Copy exactly, and copy nothing else: the line that contains "Edna Fund and" and all lines after it in the listing, without pictures.

--- Supplied material Enclosed Below ---

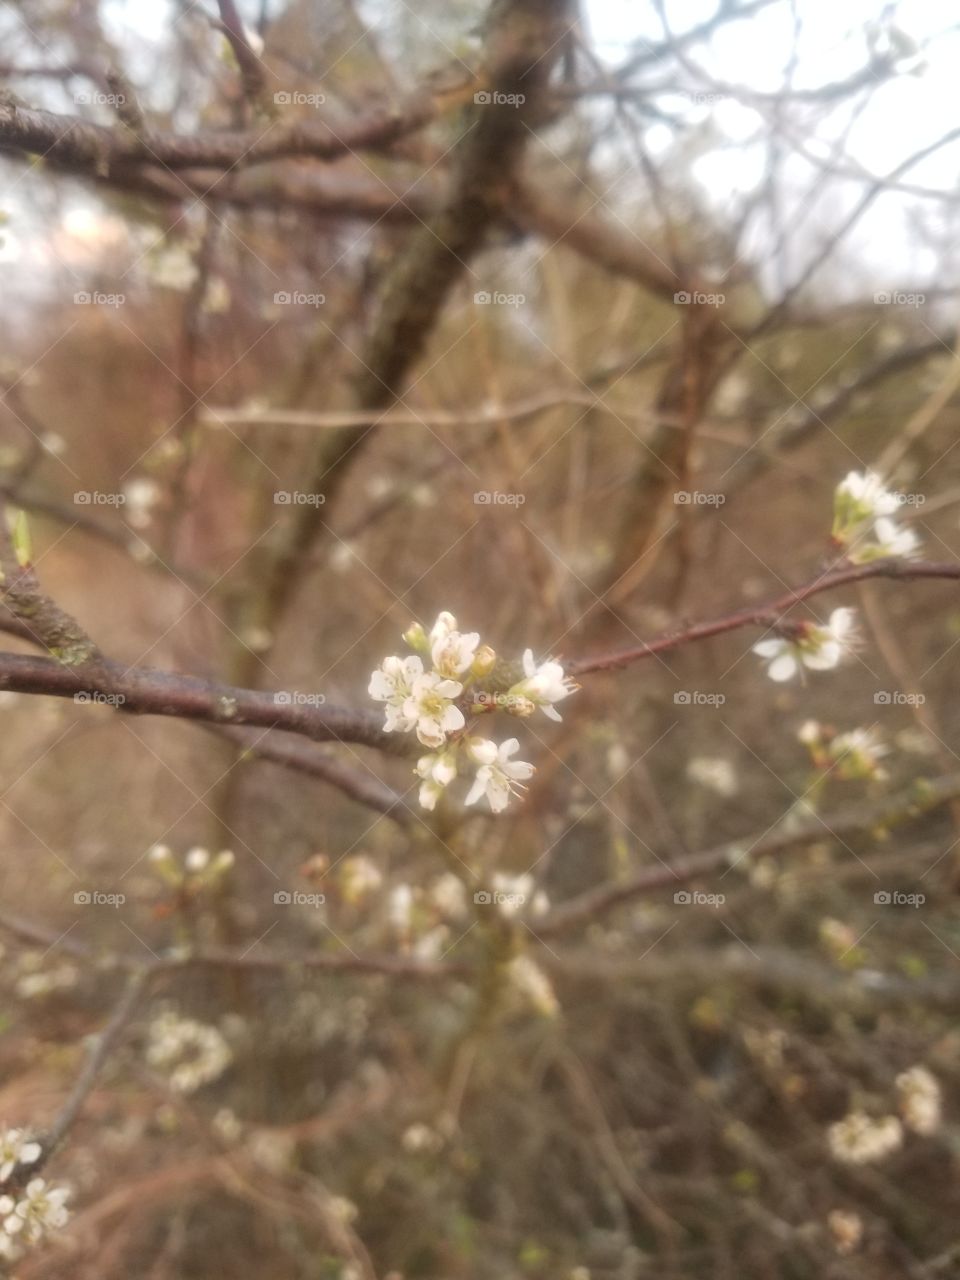 I always get so excited when I see my Chickasaw plum trees (Prunus angustifolia) begin to blossom, because they are the very first trees to bloom in spring.
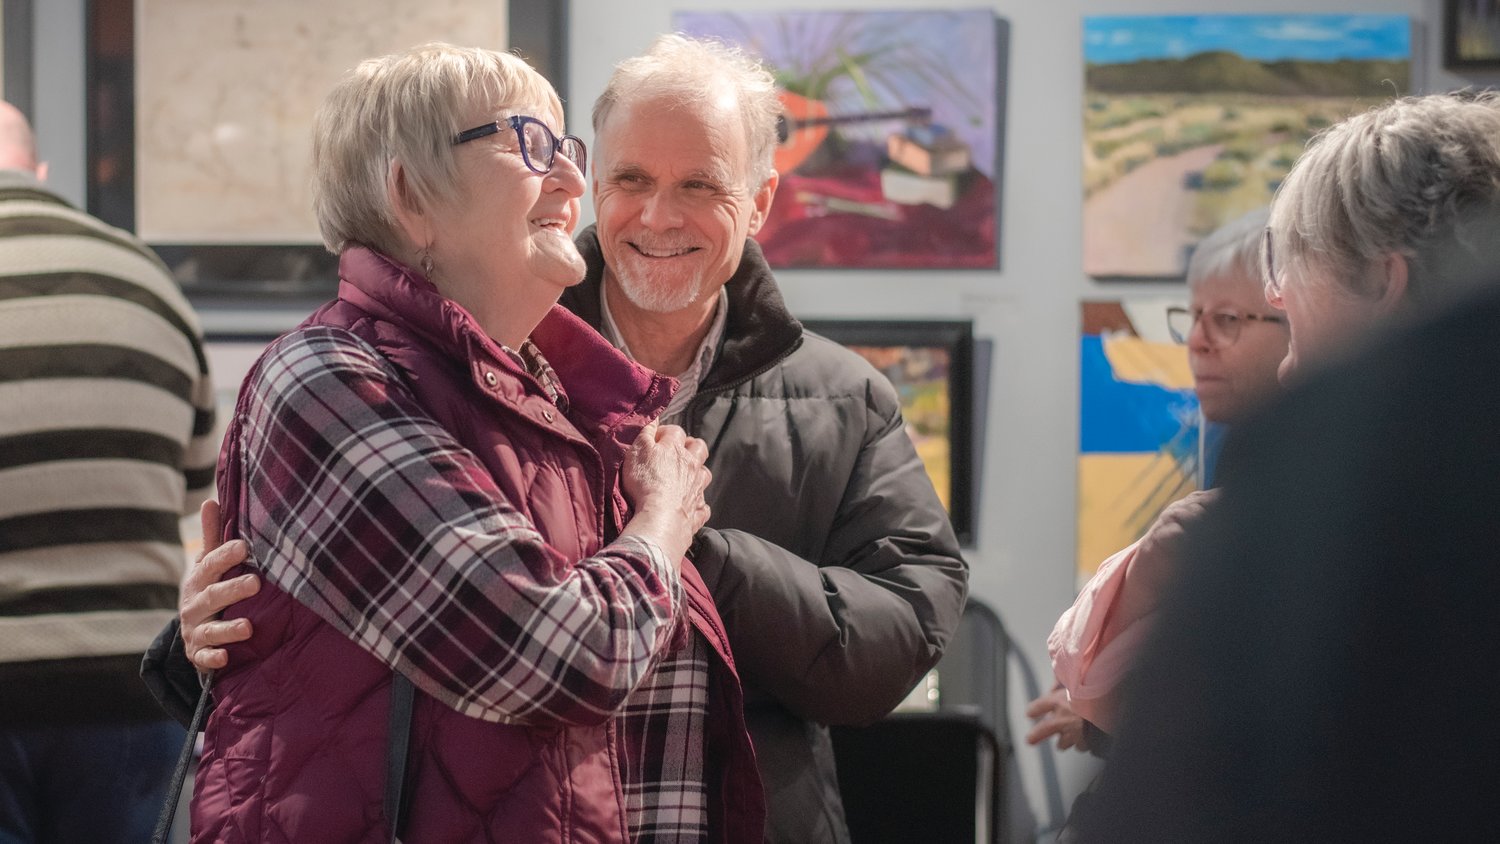 Edna Fund and Max Vogt greet each other during a young artist show and exhibition at the Rectangle Gallery & Creative Space Friday in Centralia.
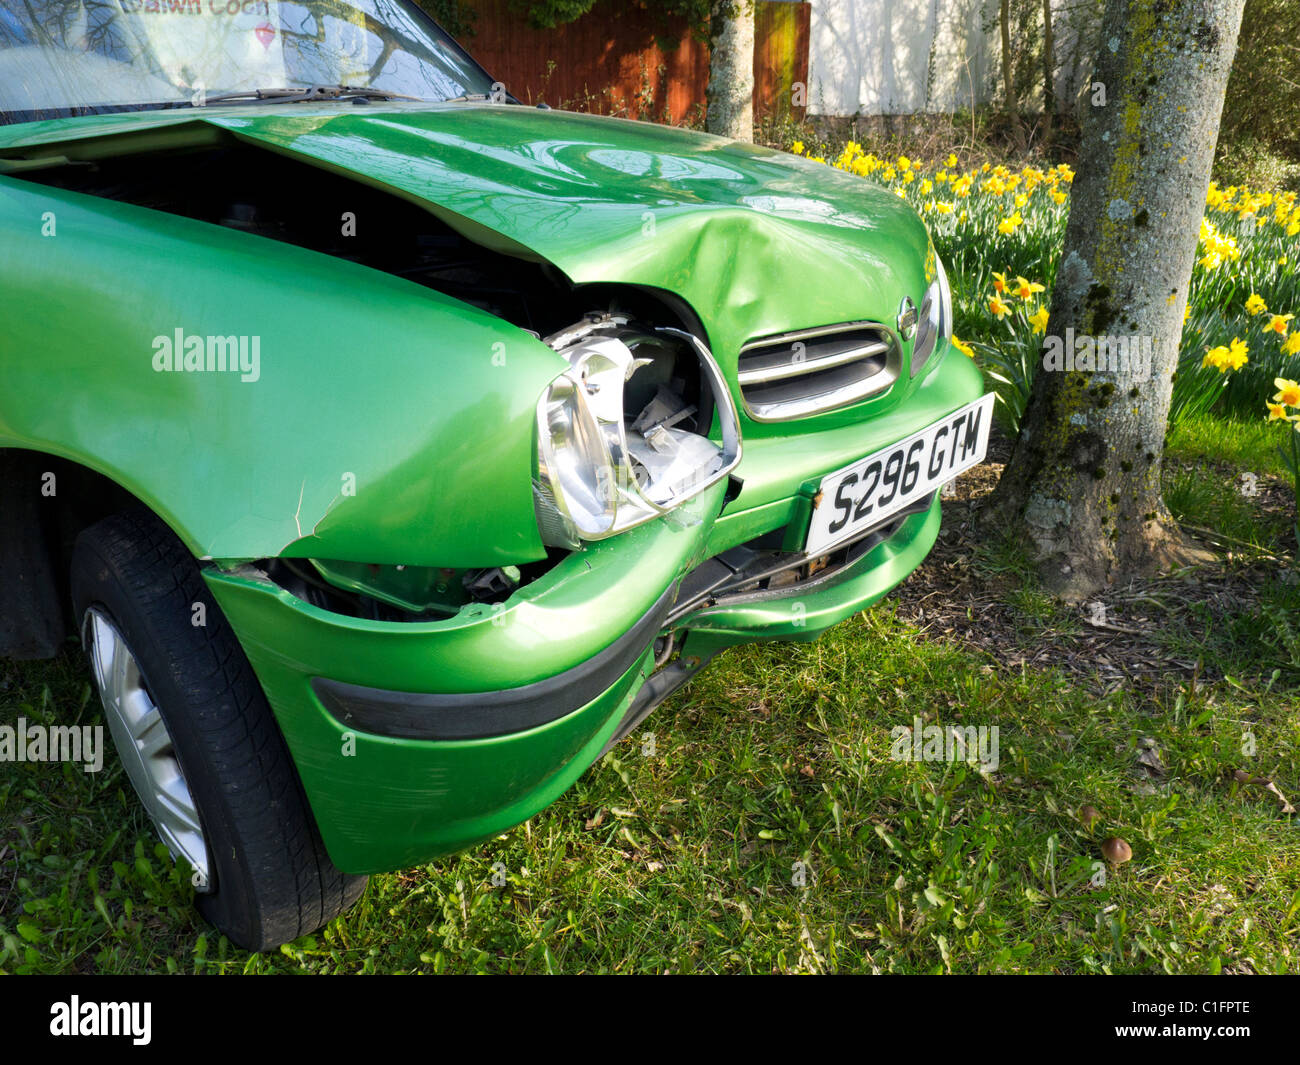 Small green Nissan Micra car after frontal crash into tree on rural country road Stock Photo

--- End of Enclosed Supplied material ---

• Answer to this task:
 Edna Fund and Max Vogt greet each other during a young artist show and exhibition at the Rectangle Gallery & Creative Space Friday in Centralia.
 Small green Nissan Micra car after frontal crash into tree on rural country road Stock Photo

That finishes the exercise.